The story would then involve amateur agents being sent into this province to discover what exactly its leader had found and how they were planning to use it. It would have been a story of travel and intrigue with these agents following clues and local rumors of mysterious going doings to discover the leader’s secret. There is a Sax Rohmer book called The Day The World Ended that is a partial inspiration for this story, at least for mood.

In some versions the war was just looming. In others I had “air pirates” of an unknown origin already attacking provincial air bases, calling to mind the summer of 1940 in Britain. In most stories an archaeologist, familiar with advanced technology form the past, is the narrator. In one, I had him drafted into the army and assigned to investigate crashed aircraft for clues as to their origin. In all he would serve as narrator, with the other agent more politically connected serving as the female/romantic co-star. For a number of these stories I had at least the first couple of chapter in mind, but I only have Rust in the Dust got some words on a screen.

So why did these variations on a theme fall apart?
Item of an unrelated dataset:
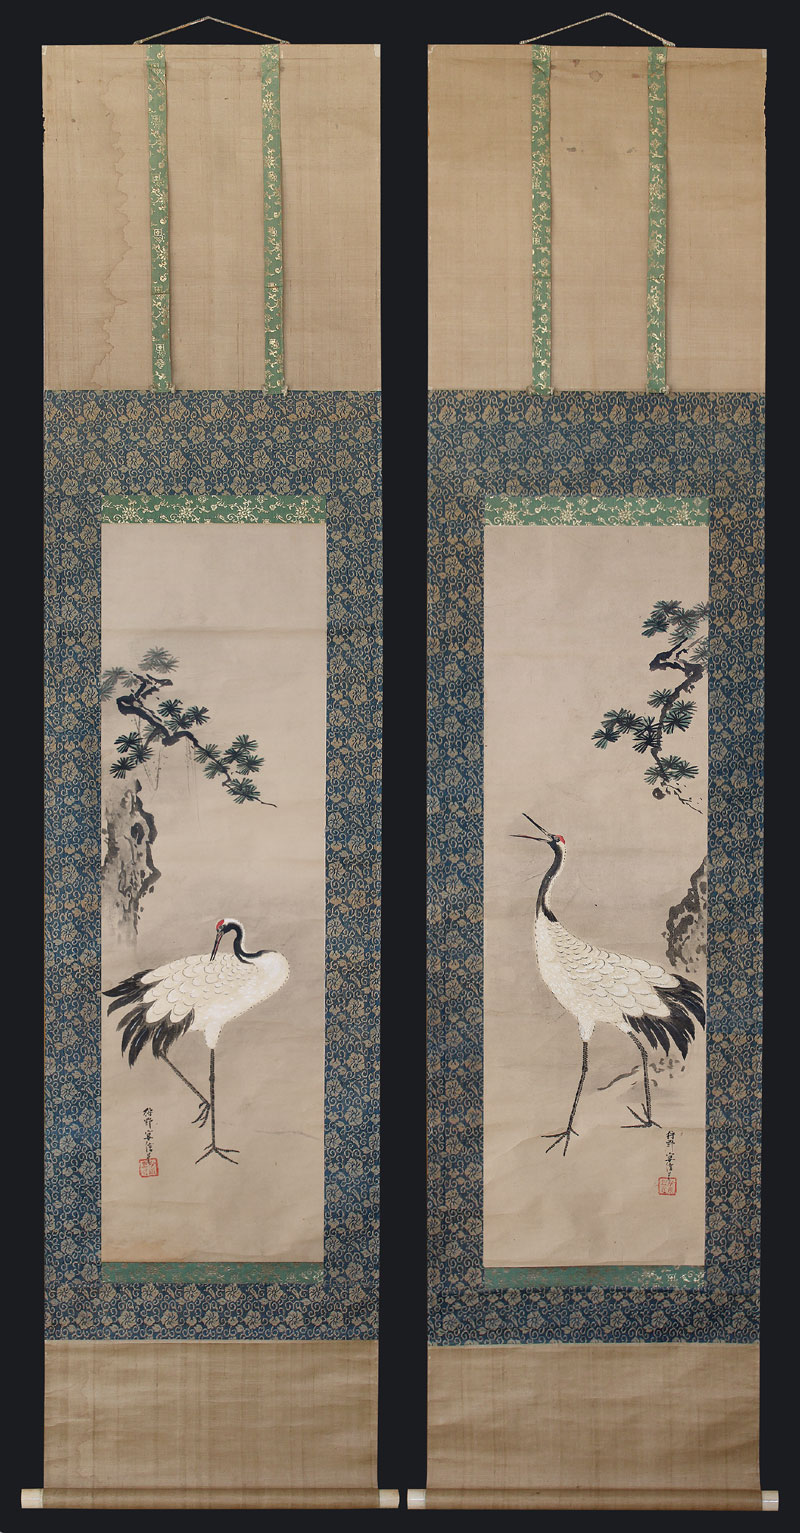 Bildrolle-Japan-Edo-Epoche-gesamt

The first reason is that, though I was attracted to the mood of those times, I don’t really like writing dark, serious, or sad stories. And though looking back on those historic times one can get a sense of romance – of being part of a special time, in reality, it was probably anything but romantic, so that it would be hard to write a story that was both realistic, and romantic.

Secondly, a more practical road block: I could not come up with a technology that would fit the bill for the story. What could be dug up and used to dominate the world? A giant robot? A flying machine? Battle tanks? What would be cool, and clever, and make the leader invincible?

And then, if I managed to come up with some sort of cool, invincible technology, how would I then make it so that it could be defeated by our heroes? Not impossible – many stories do that. But I like to write realistic stories with grounded, everyday heroes, which makes it a lot harder...

Which brings me around to my last issue, which is that I don’t like writing stories where my characters have to save the world. I like smaller, more personal stories. So, when it came right down to it, I simply could not stay excited about the whole concept.

And yet, in the end, many of these elements and settings ended up being tweaking to play a large part in the setting of The Girl on the Kerb. Still, it would take parts from two other failed story attempts to create a story that I could write all the way to the end. I think it turned out pretty good, but you’ll have to take my word on that for a little while.

In any event, I will talk about the next failed project that contributed to The Girl on the Kerb in the next installment of this series, at some future date, to be determined, i.e. when I can think of nothing else to write about.